Basic structure

The files in the ZEN Corpus correspond to individual newspaper issues.

Parameter and other coding

The CD-ROM contains two TEI conformant XML versions encoded in UTF-8 and ASCII. It also contains a text-only version intended for use with software that is not XML-aware.

Coding for years, individual newspaper issues, domain or text classes (foreign news, home news, advertisements, etc.).

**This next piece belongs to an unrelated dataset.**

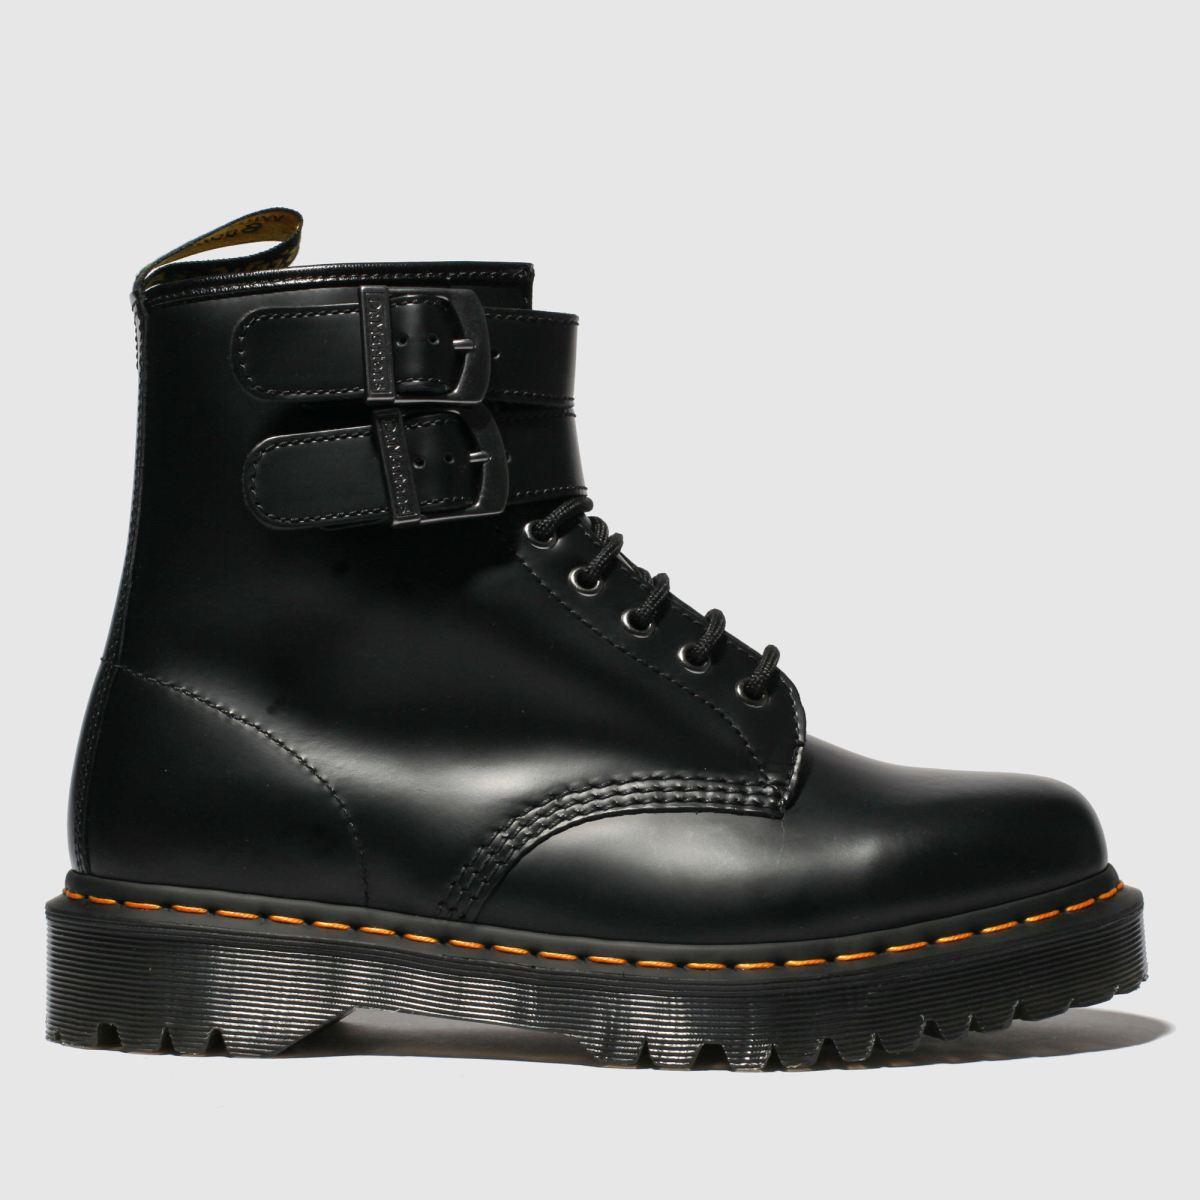 Dr Martens Black 1460 Alt Boots

The corpus is divided into the following time periods:

  • up to 1665
  • 1671–1691
  • 1701–1721
  • 1731–1751
  • 1761–1781
  • after 1785

Genre covered by corpus

All major English newspapers of the late 17th and the 18th century published in London, including

  • The London Gazette, which constitutes about half of the corpus

Thrice-weekly papers

  • The London Post
  • The English Post
  • The Post Man
  • The Post Boy
  • The Flying Post

Daily newspapers

  • The Daily Courant
  • The Daily Post

Evening papers

  • The Evening Post
  • The St. James's Evening Post

"Tabloids"

  • The Morning Post

Advertising papers

  • The Daily Advertiser
  • The Champion or Evening Advertiser
  • The General Advertiser
  • The Gazetteer and New Daily Advertiser
  • The London (Daily) Advertiser (and Literary Gazette)
  • The London Daily Post and General Advertiser
  • The London Morning Advertiser
  • The Public Advertiser